#### Required work:
Nothing in the data should change when you return it, but leave the pictures out.

#### Recorded data:
-- Opening Marker --

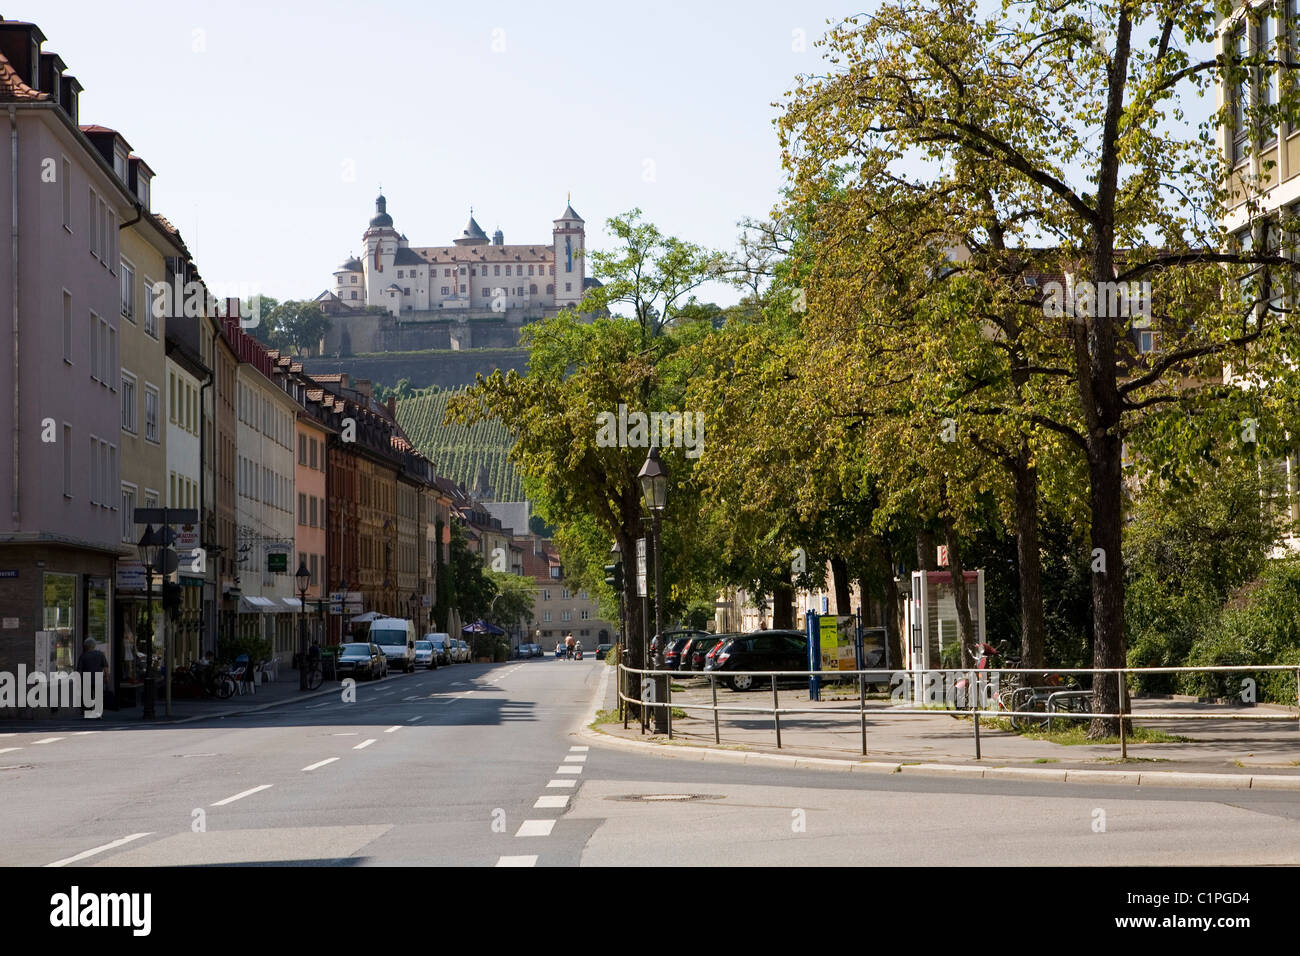 Germany, Bavaria, Wurzburg, Festung Marienberg from town high street Stock Photo
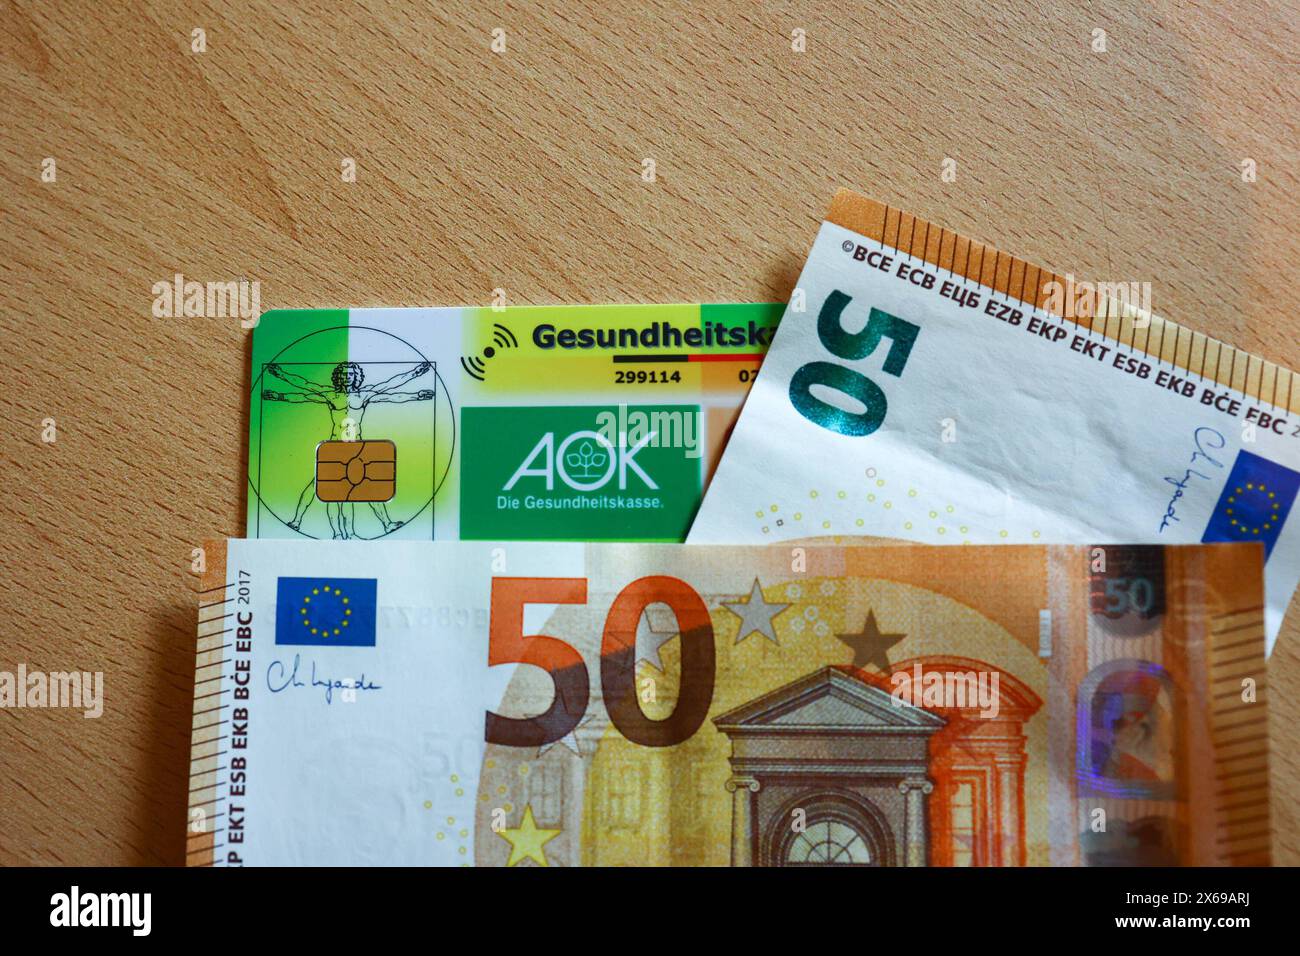 Krankenkasse Karte mit Geld *** carta di assicurazione sanitaria con denaro Copyright: XLobeca/RHx Foto Stock
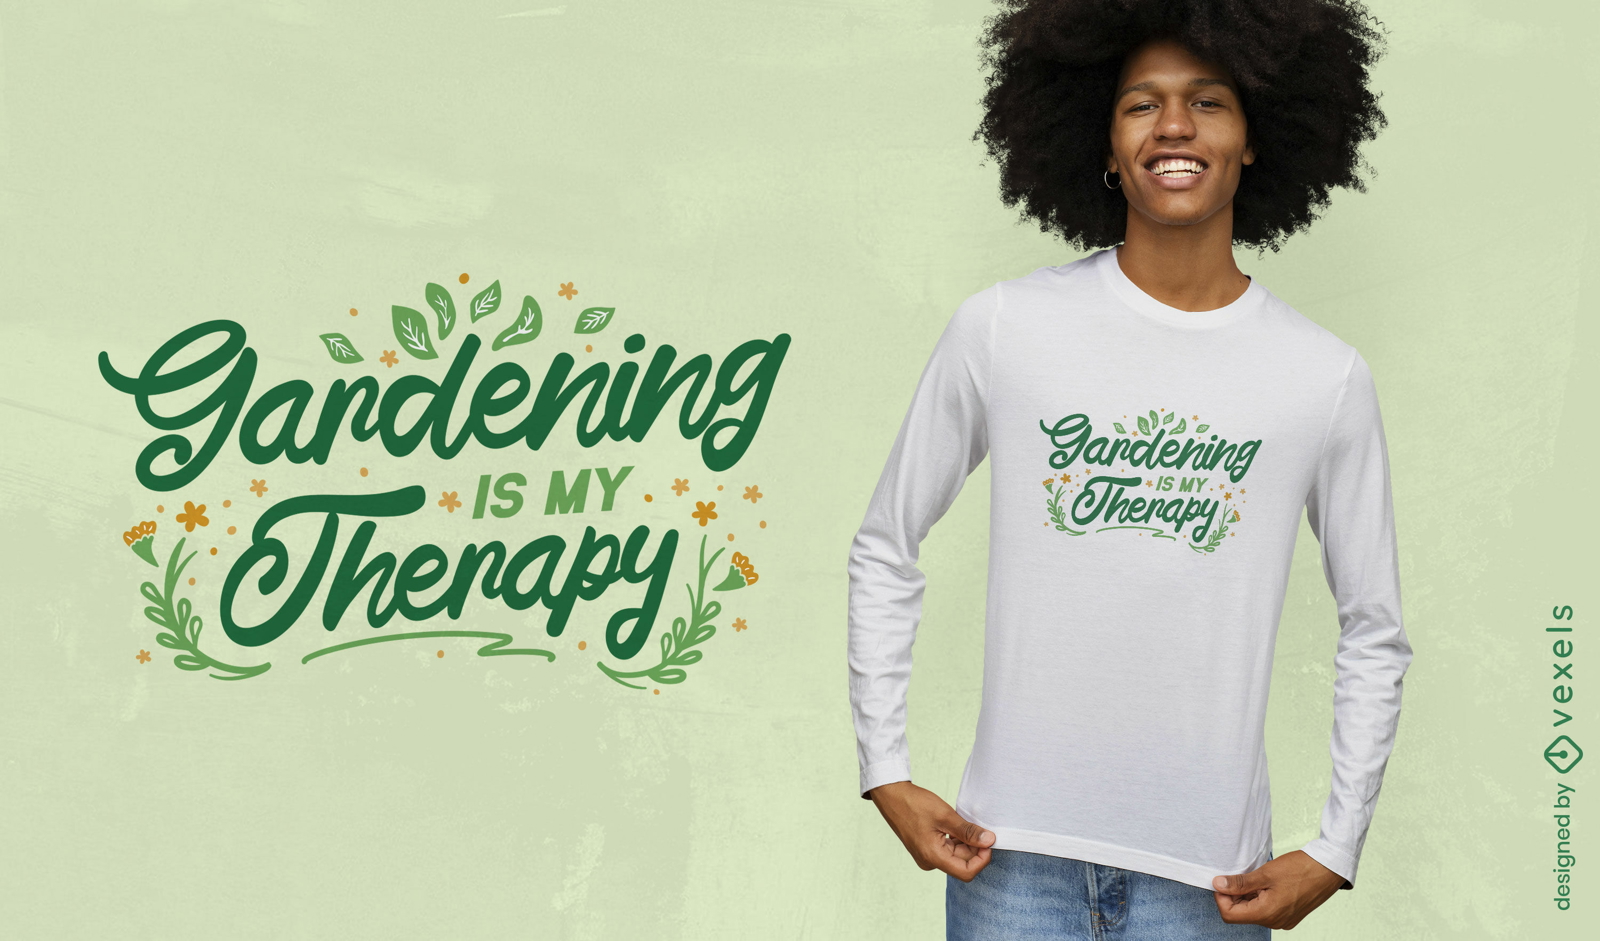 Dise?o de camiseta de cita de terapia de jardiner?a.

-- Closing Marker --

#### Result:
 Germany, Bavaria, Wurzburg, Festung Marienberg from town high street Stock Photo
 Krankenkasse Karte mit Geld *** carta di assicurazione sanitaria con denaro Copyright: XLobeca/RHx Foto Stock
 Dise?o de camiseta de cita de terapia de jardiner?a.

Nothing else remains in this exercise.